In medicine, when a system predictably produces preventable deaths, we call it a sentinel event, a signal that something is structurally broken. We do not blame the last clinician involved. We investigate the system that made the outcome likely including training and protocols.

Militarized immigration enforcement should be treated the same way.

As an emergency physician, I, Halleh, experience moments like this differently. While others argue about what should or should not have happened, my mind moves downstream. I think about what happens to a body when bullets enter it. I think about anatomy, physiology and the narrow margin medicine has once gunfire is involved.

I am also trained, as a gun violence prevention advocate, to think in terms of risk. In medicine, I assess situations by probability and what reliably follows once certain conditions are in place.

Before a single shot is fired, the presence or perception of a gun reshapes how systems respond. Movements are interpreted through fear rather than fact. That shift does not depend on legality, intent or behavior — and once it occurs, individual compliance often no longer alters the trajectory.
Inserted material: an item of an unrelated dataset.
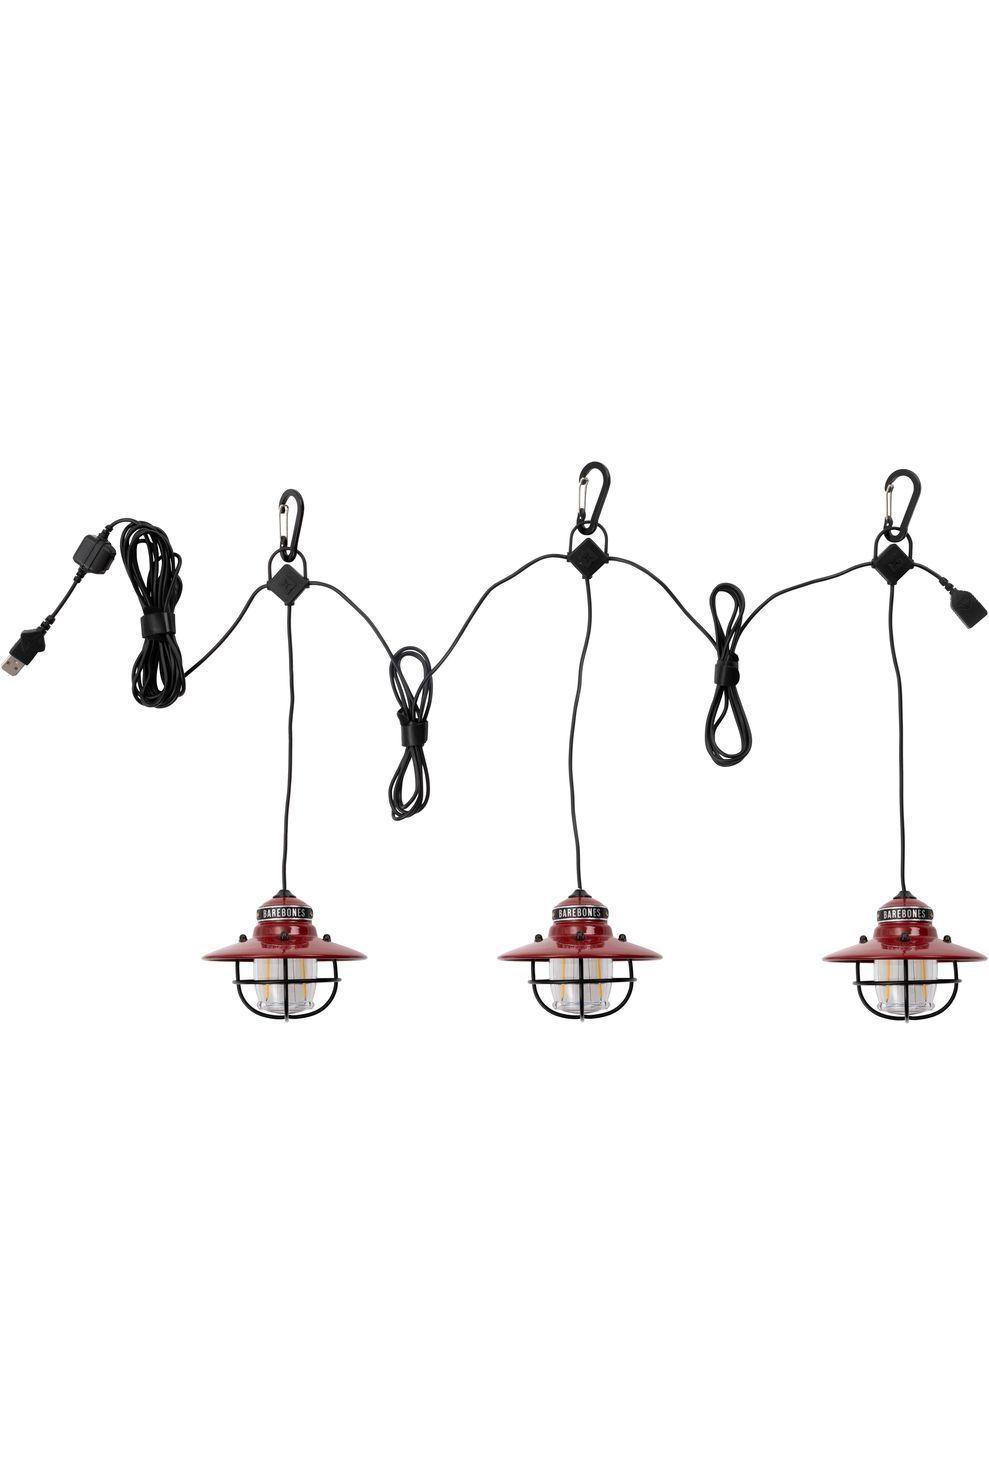 Barebones Living Verlichting Edison String Lights 3 Pack - Rood

From a clinical standpoint, this matters enormously.

People can survive being tackled. They can survive blunt force trauma. What the human body rarely survives is gunfire. Multiple gunshot wounds leave almost no opportunity for medicine to intervene. Often, even one bullet is enough.
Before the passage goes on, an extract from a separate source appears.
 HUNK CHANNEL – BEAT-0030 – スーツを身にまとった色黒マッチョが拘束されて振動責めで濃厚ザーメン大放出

This is not a moral judgment. It is anatomy and physiology.

As physicians, we are trained to look beyond individual tragedies and recognize patterns. Pretti’s death was not isolated. In another recent case, immigration agents fatally shot Renee Good, also a U.S. citizen, after perceiving her vehicle as a lethal threat, they stated. The circumstances differ, but the structure is the same: perceived danger, ready access to firearms and irreversible loss.
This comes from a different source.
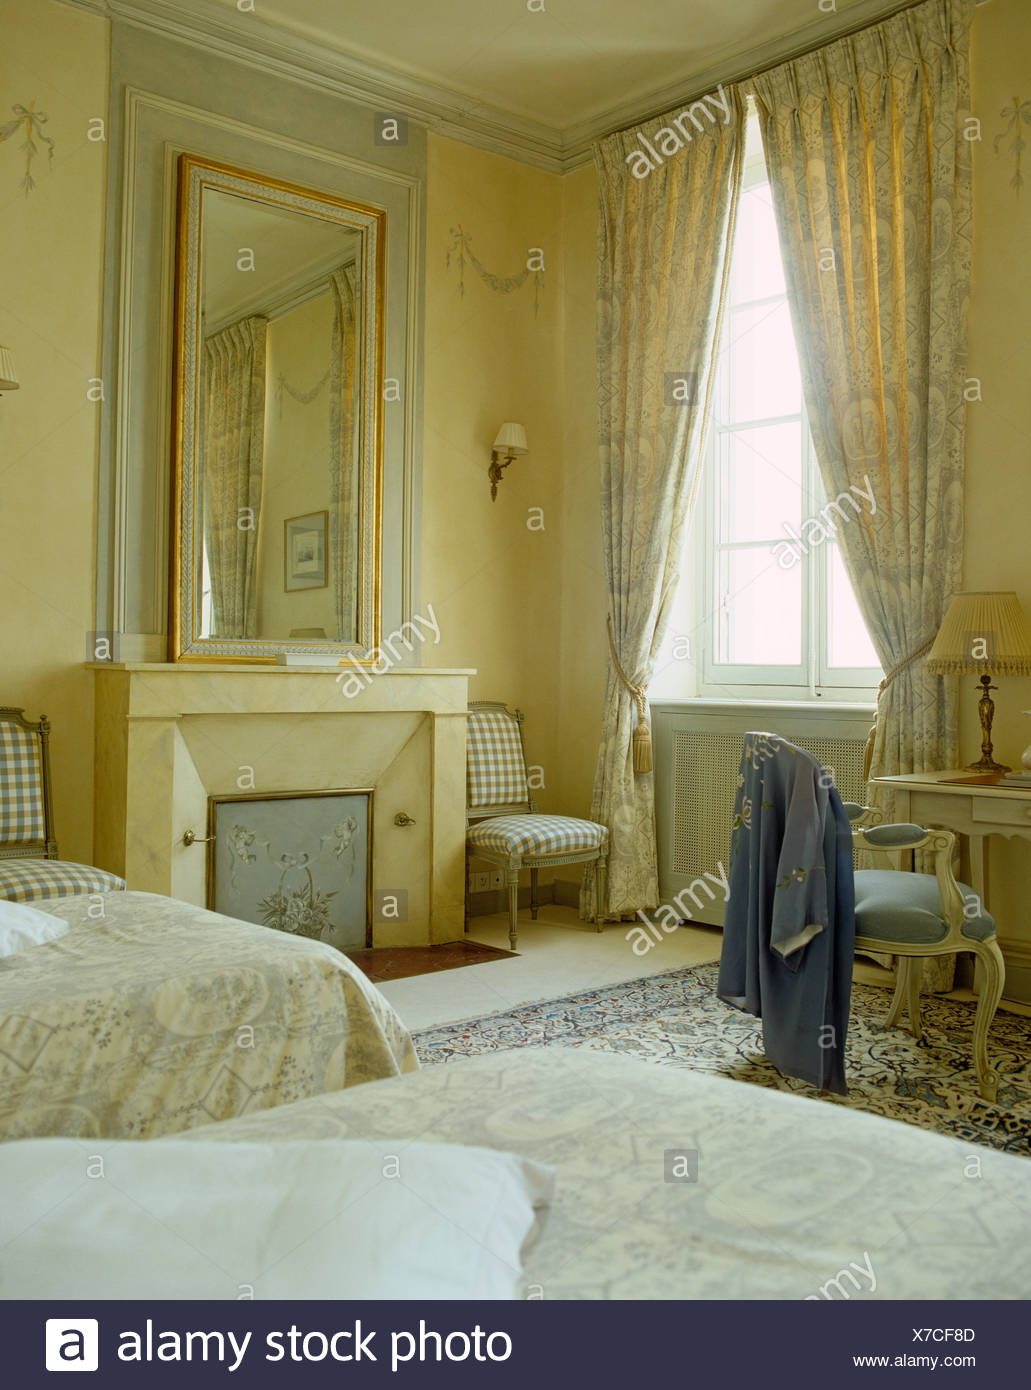 Französischer landhausstil schlafzimmer  Große Spiegel über dem Kamin im blass gelb französischer Landhaus ...

We are a country with more guns than people, where firearms are often framed as tools of protection and self-defense. For many Americans, that belief is sincere. But when immigration agents introduce guns into chaotic, emotionally charged situations, the likelihood of irreversible harm rises.

Fear does not create clarity. It narrows perception. It shortens the distance between misunderstanding and catastrophe.

I, Halleh, see the consequences of this repeatedly in the emergency department. Patients who carried a gun believing it would protect them. Patients whose fate was shaped long before force was ever used. By the time they reach us, the conditions that determined what happened are already in place.

Today’s immigration agents are uniquely positioned for escalation. Their mission prioritizes enforcement and detention, not crowd de-escalation in volatile public settings. They operate in politically charged environments where peaceful protests can be misread as threats. In situations like these, the combination of fear, authority and excess weaponry makes lethal results more likely.

From a public health perspective, this is not a question of individual intent. It is a question of institutional design.

What worries me now is the fatigue I see among my colleagues. It is not indifference, but exhaustion. I worry, too, that the nation is overwhelmed by the images coming out of Minnesota, choosing to turn away from the brutality flooding our screens.

Emergency medicine already demands enormous emotional investment. There is only so much preventable harm a person can witness before their self-preservation necessitates turning away. But the consequences do not end. They arrive by ambulance. They arrive with families who were not prepared to say goodbye that morning.

We do not expect every physician to become an advocate. We do not expect universal agreement on firearm policy. But we worry about what happens when those of us who see the aftermath most clearly feel pressure to stay silent. Silence widens the distance between decision and consequence.

In the emergency department, cause and effect are not abstract. There is no rewind. Just a body, a resuscitation room and the knowledge that Pretti did not survive.

We cannot look away. And neither should a country that accepts lethal force as routine once civilians are rendered powerless.

Dr. Halleh Akbarnia, an emergency medicine physician and national gun safety advocate, and Dr. Jennifer Obel are Chicago-area leaders of Doctors for America.